Nikki Schmidt, a fifth grade teacher at Littlejohn Elementary School, said that she is nervous yet excited to return to school in the fall.
“The beginning of a new year is always exciting because you get to meet all of your students,” Schmidt said. “It was really sad on March 13 to say goodbye to my students without knowing it was a final goodbye. We had a field day, science fairs and field trips planned. I really miss my students and co-workers. I’m excited to be able to return to school, but it’s important we do it in a slow process that will protect staff, students and our families.”
Schmidt said that the daily routine of a school day will be different, including the unknowns of what physical education, recess and a lunch hour might look like.
“I think that it’s going to be a learning curve for everybody,” Schmidt said. “What we really need to focus on is communication between families and schools so everyone is on the same page, so it looks as much as a normal, engaging school day as possible while we are keeping everyone’s health and safety in mind.”
Back to school in DeKalb
The scheduled first day of school in DeKalb School District 428 is Wednesday, Aug. 19, for students in first through twelfth grades and Monday, Aug. 24, for kindergartners.
The initial back to school plan was presented at the DeKalb School District 428 Board of Education meeting on July 14. The administration, interim superintendents and teachers have been discussing more details of the plan, and it will be presented again at the board meeting on July 21. On July 22, a parent survey will be sent regarding the revised plan.
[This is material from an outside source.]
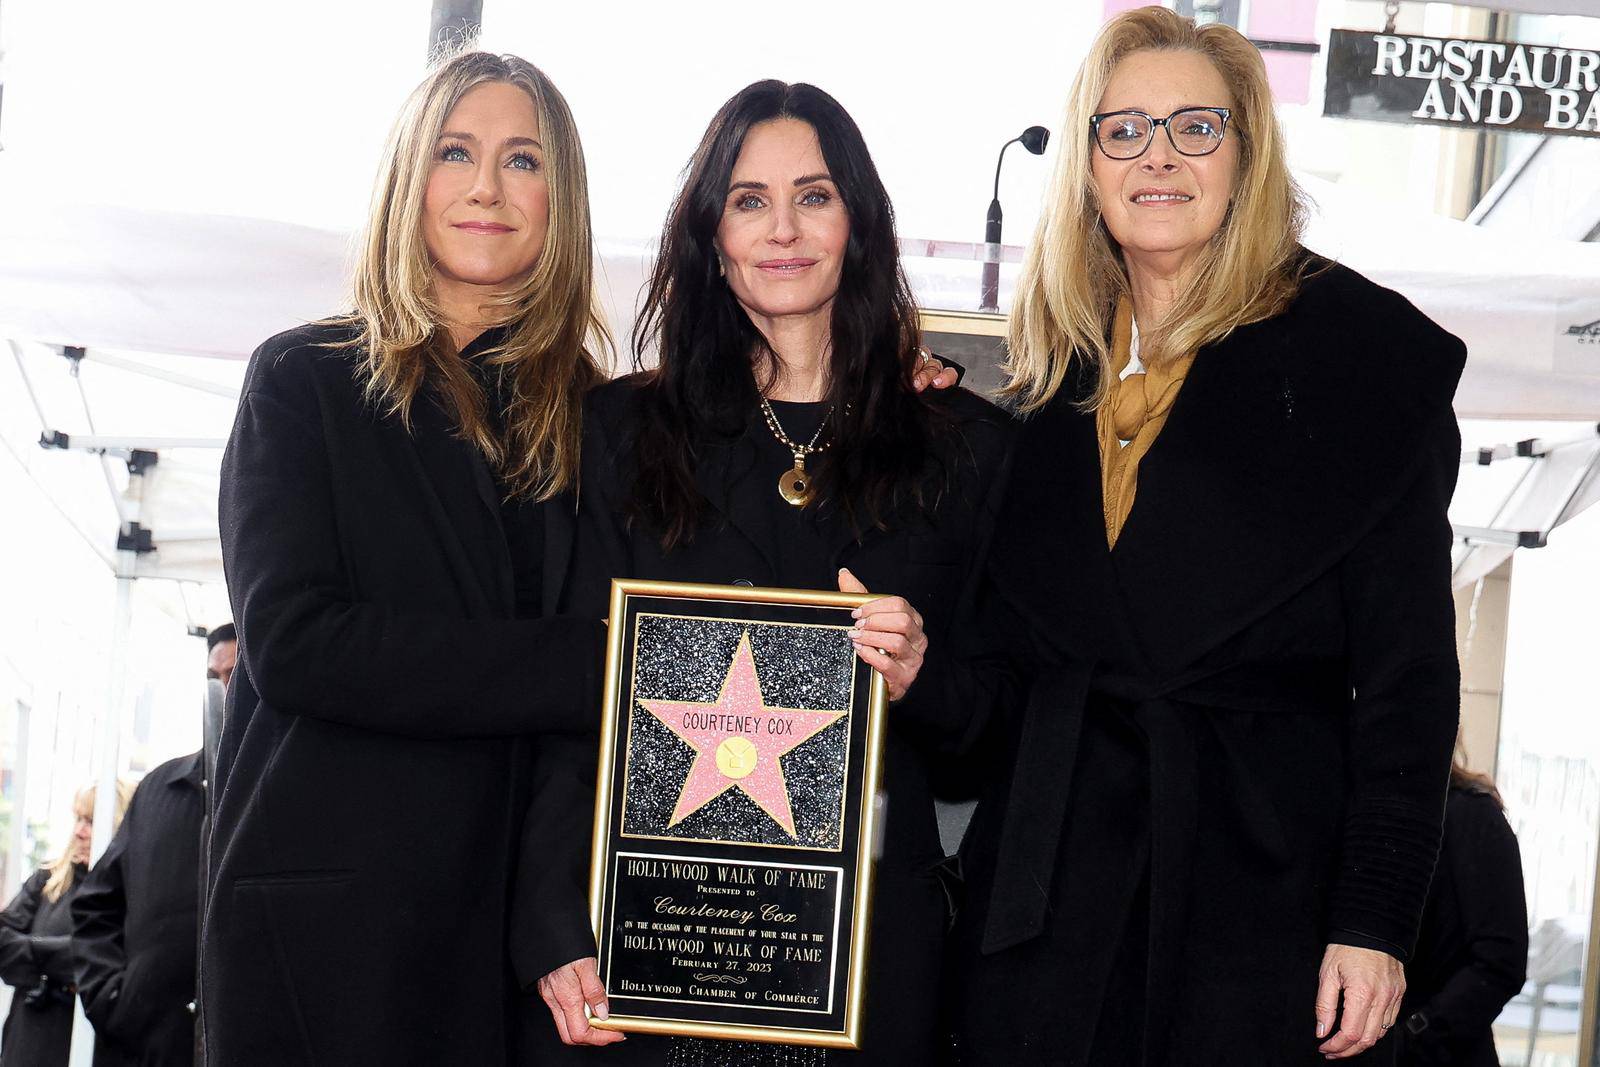 Actor Courteney Cox unveils her star on the Hollywood Walk of Fame in Los Angeles

On July 29, a more finalized plan will be sent to parents. On July 31, a final survey will be sent to parents, identifying which families opt for at-home learning instead of a blend of in-person learning at school and remote learning.
Illinois school rules
On Tuesday, Gov. JB Pritzker announced students may return to the classroom this fall and laid out guidelines all schools should follow to maximize in-person instruction and minimize health and safety.
The Illinois Department of Public Health requirements for schools to re-open in Phase 4 of Gov. Pritzker’s Restore Illinois plan include requiring the use of personal protective equipment (PPE), including face coverings, prohibiting more than 50 individuals from gathering on one space, requiring social distancing whenever possible, conducting symptom screenings and temperature checks and increasing schoolwide cleaning and disinfection.
The Illinois Emergency Management Agency will provide public K-12 districts in Illinois with 2.5 million cloth face masks, enough for all students and staff.
Gov. Pritzker, along with the state health director and the state superintendent, filed a lawsuit Thursday requiring face coverings in schools.
“As a father, I would not send my children to a school where face coverings are not required because the science is clear: face coverings are critical to prevent the spread of coronavirus,” Pritzker said in a statement Thursday.
“The guidance focuses on keeping students, teachers and families healthy and safe,” Gov. Pritzker said in a press release. “School districts and institutions of higher education across Illinois will face unique challenges in how they’ll operate within their communities.”